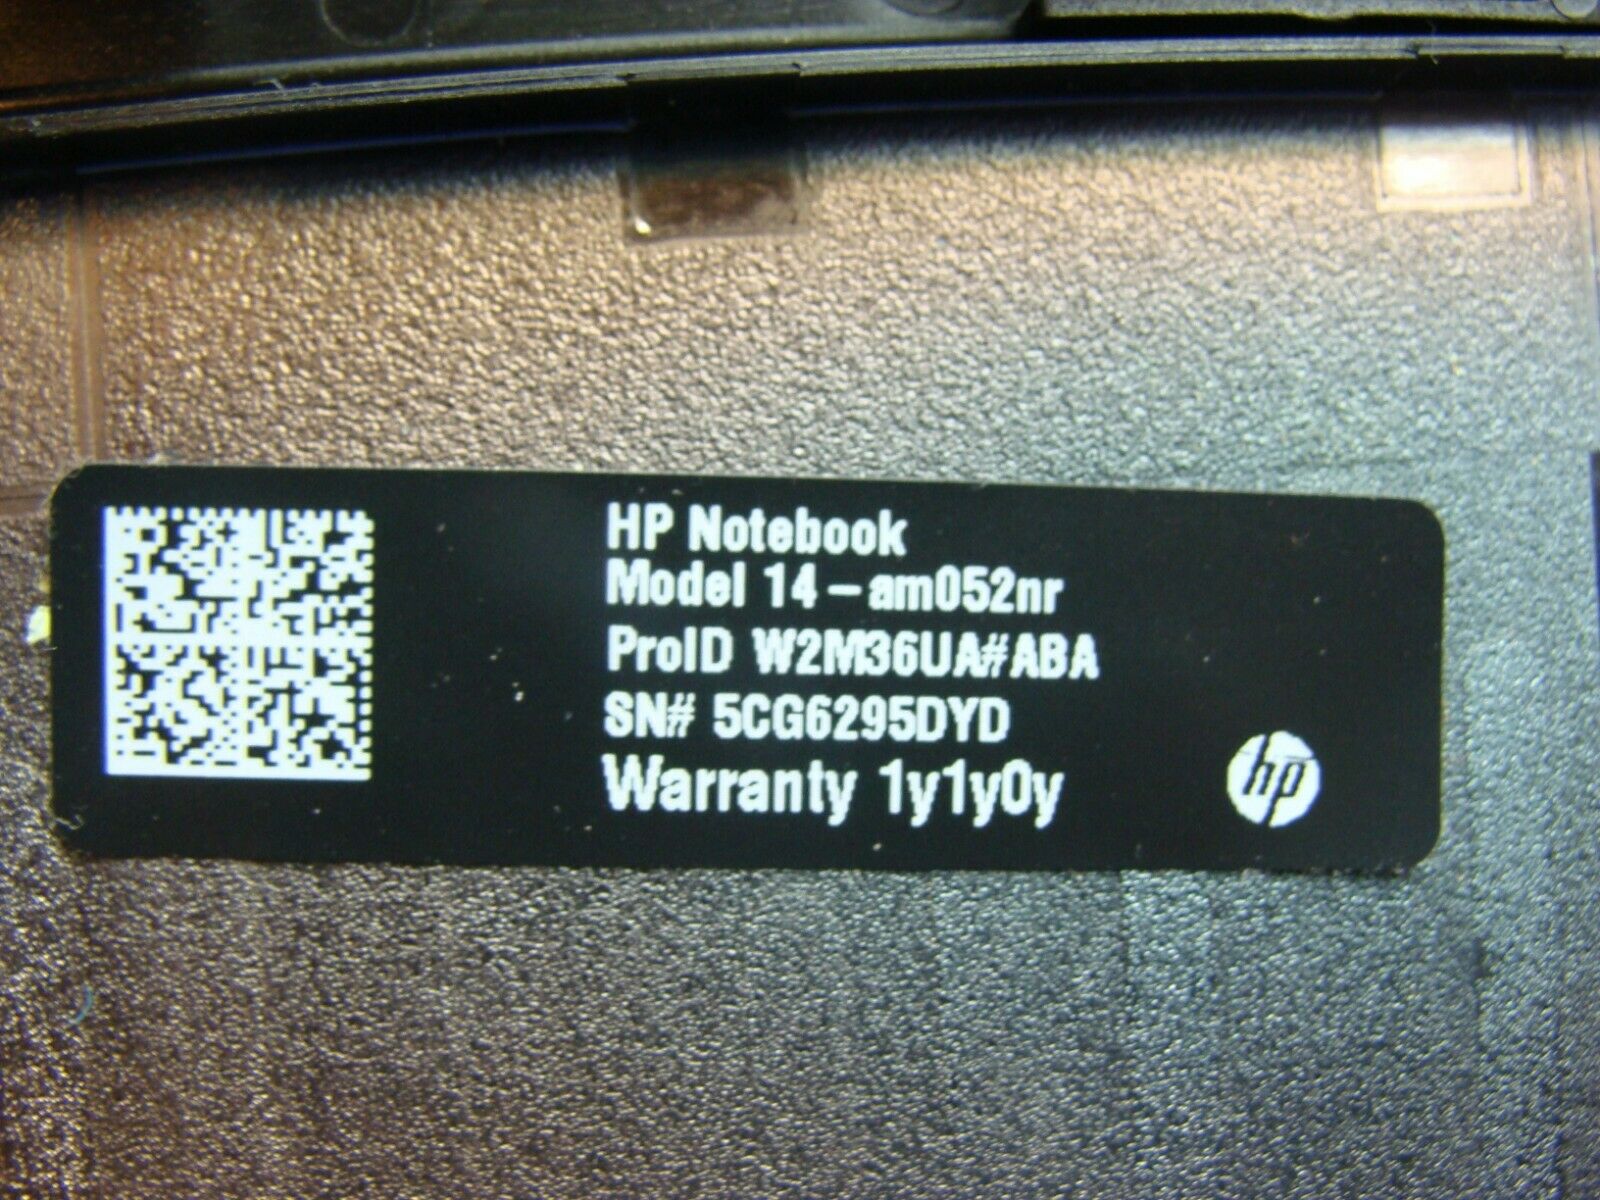 HP 14-am052nr 14
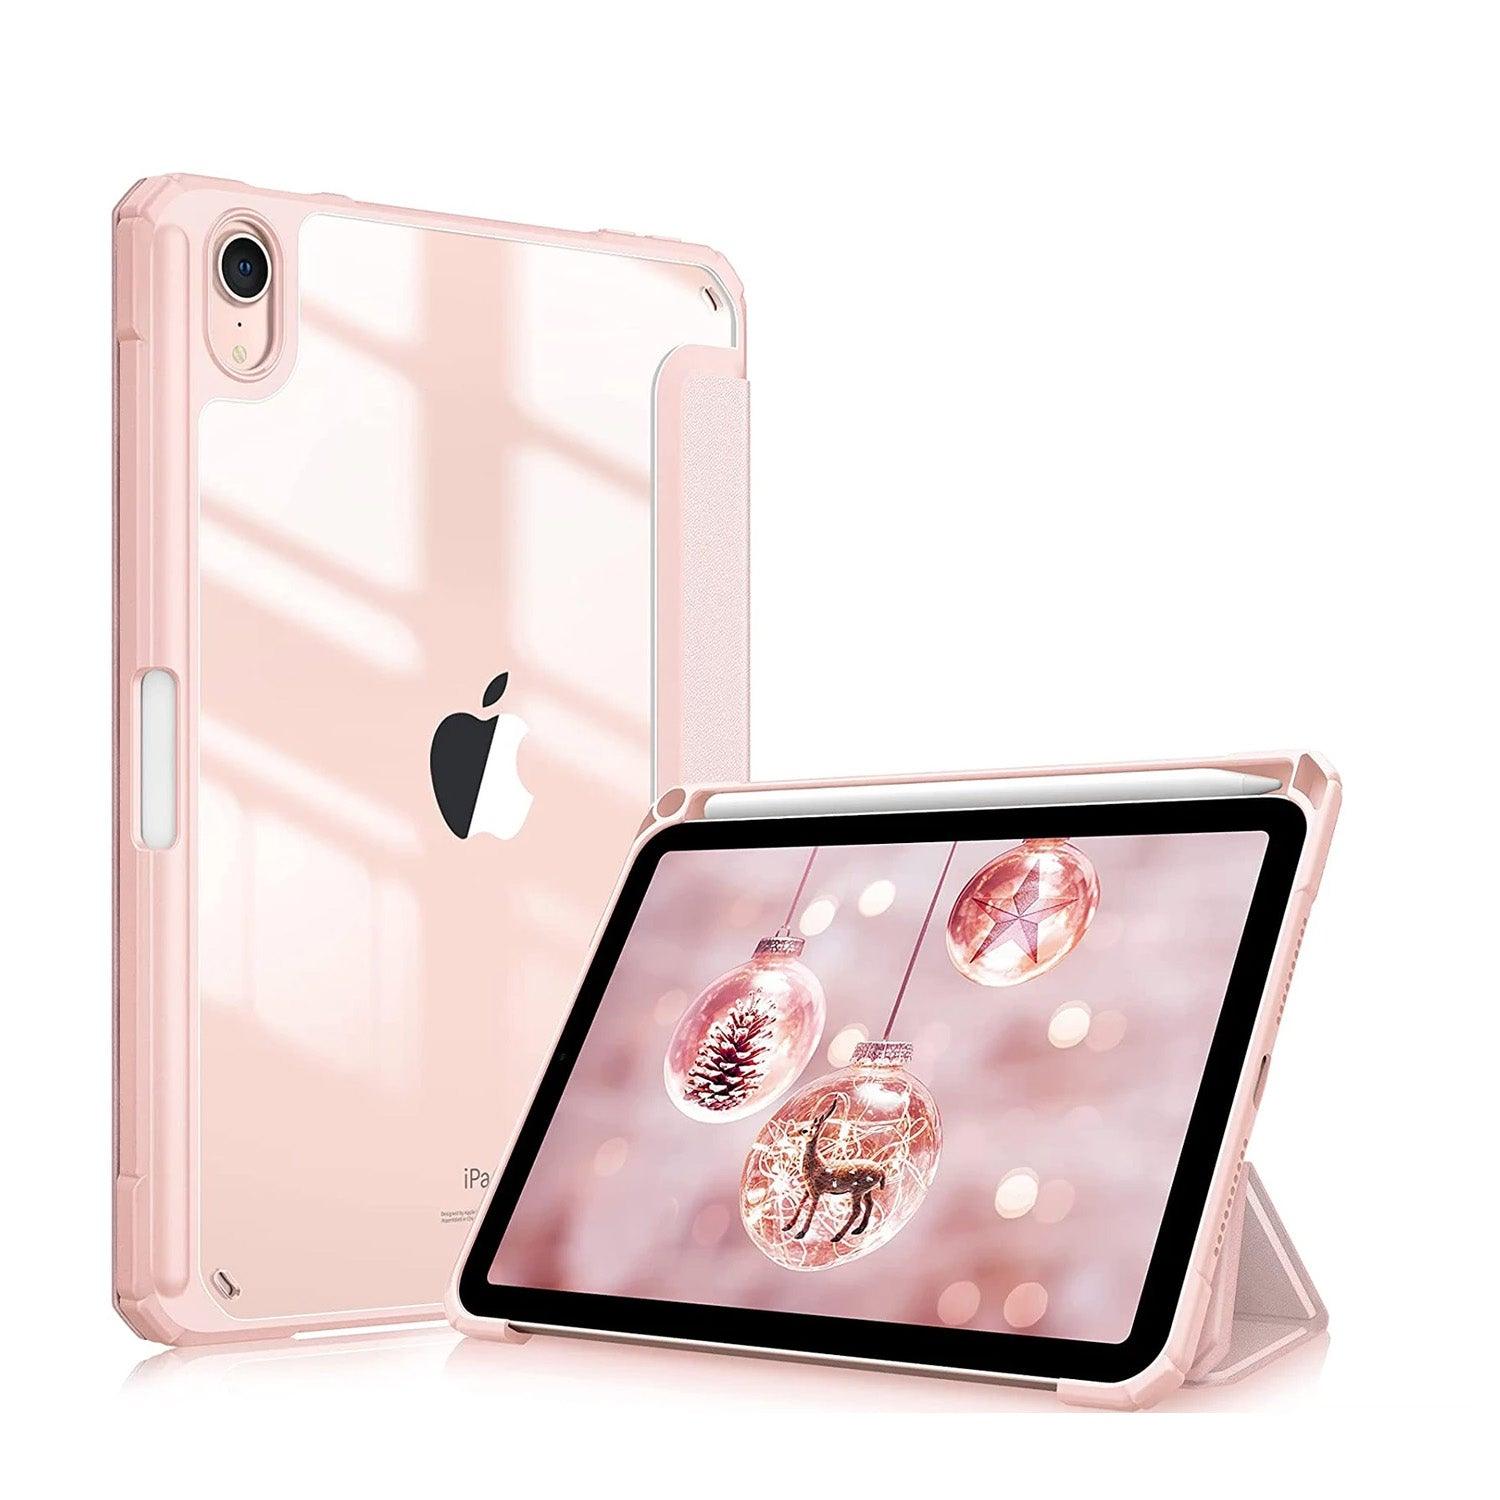 Silicon Case For iPad 7 8 9 10.2 Inch iPad Pro 4 5th Gen 11 Inch
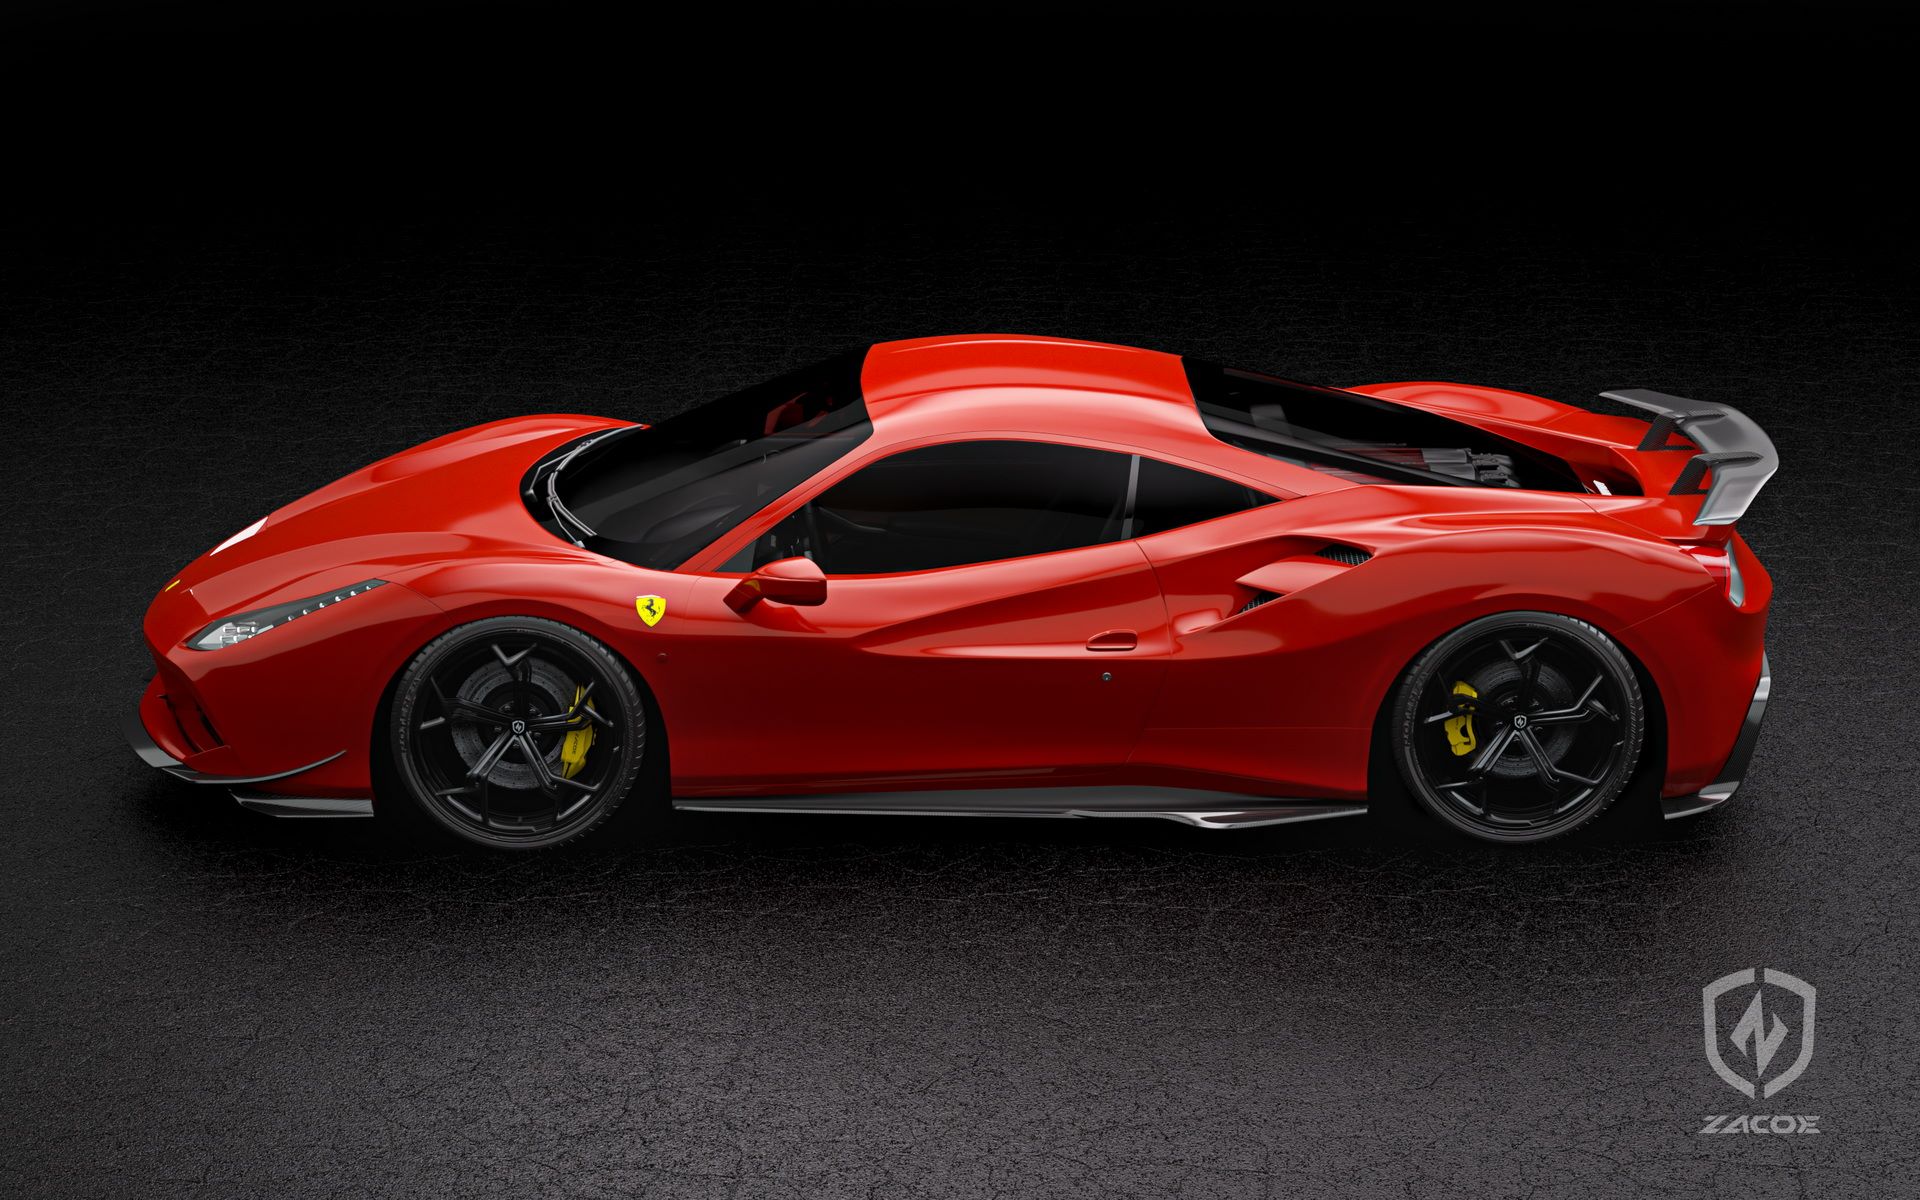 Ferrari-488-GTB-by-Zacoe-5
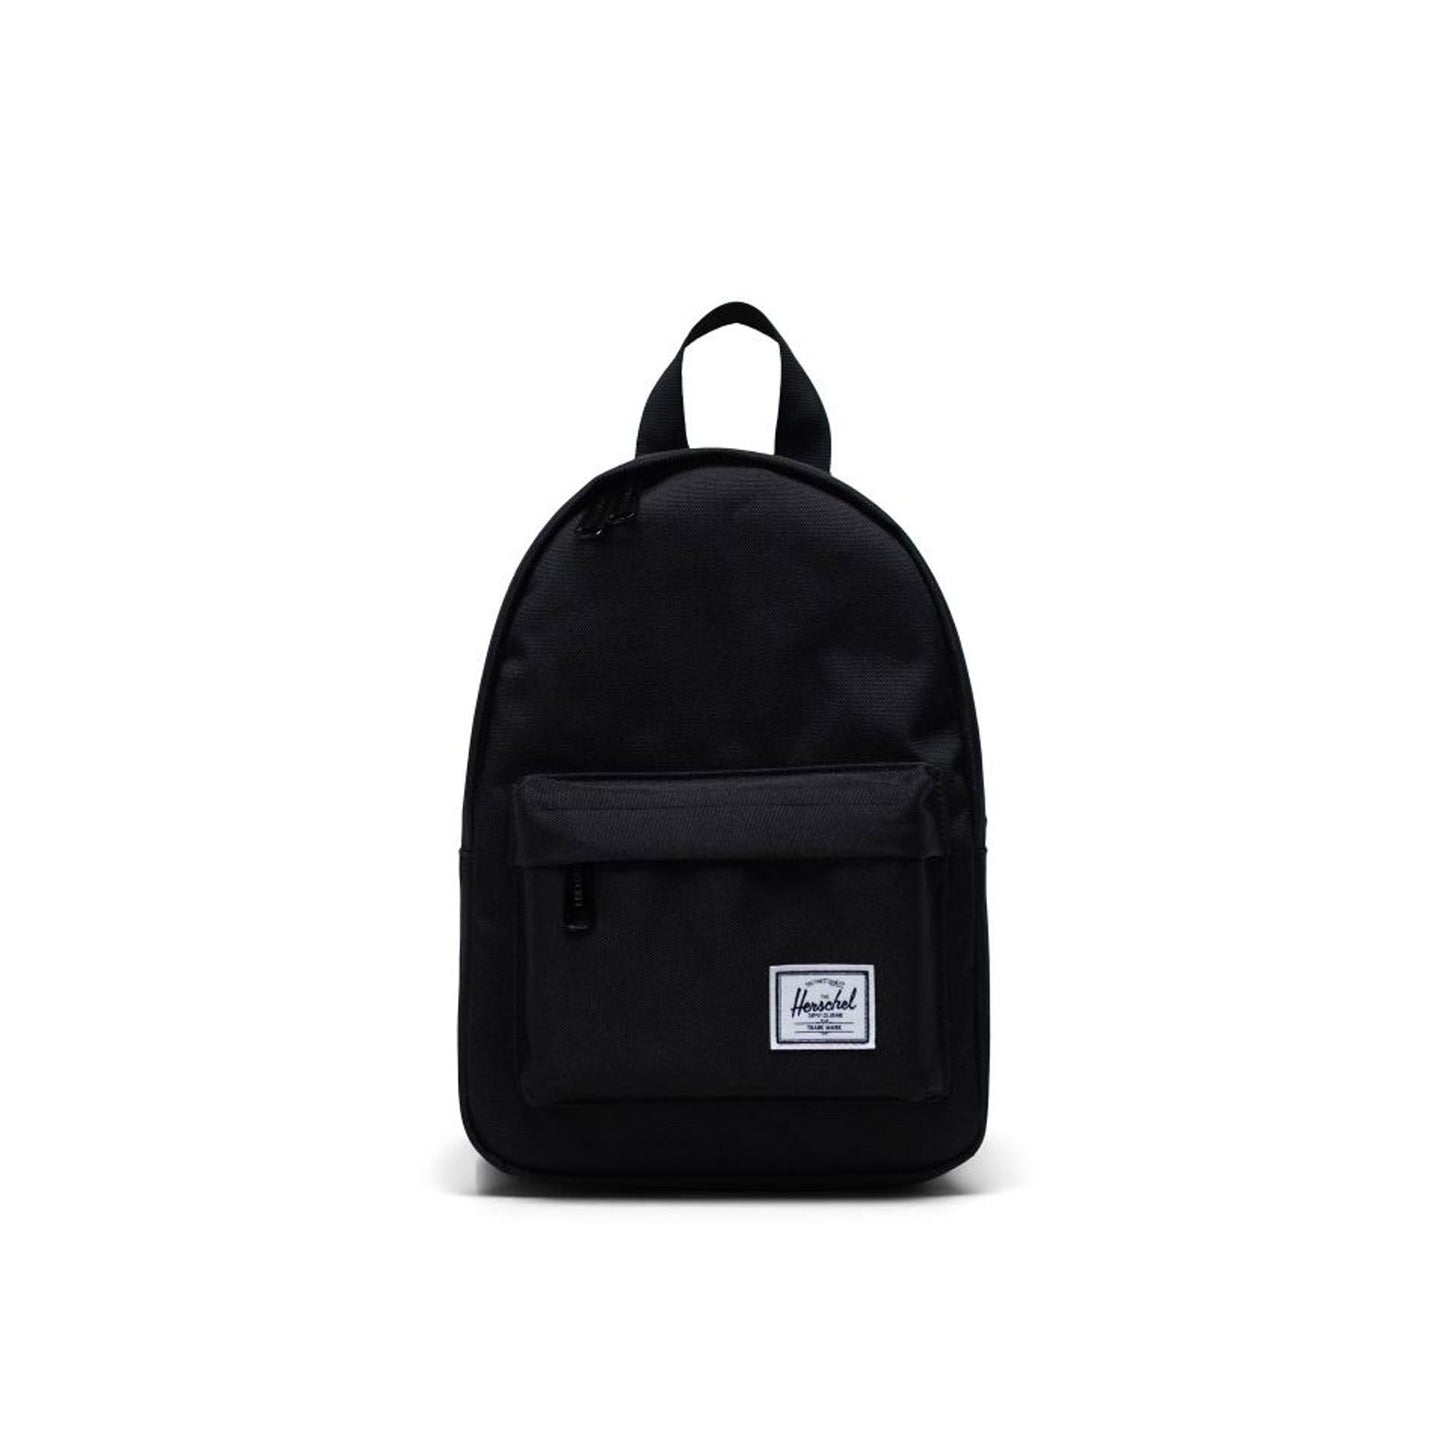 Herschel Classic Mini Backpack, Black

******

> Prompt: Pictures are to be omitted. Print exactly the lines from the line containing "Ferrari-488-GTB-by-Zacoe-5" through the final line of the material above, both included.

> Output of the exercise:
 Ferrari-488-GTB-by-Zacoe-5
 Herschel Classic Mini Backpack, Black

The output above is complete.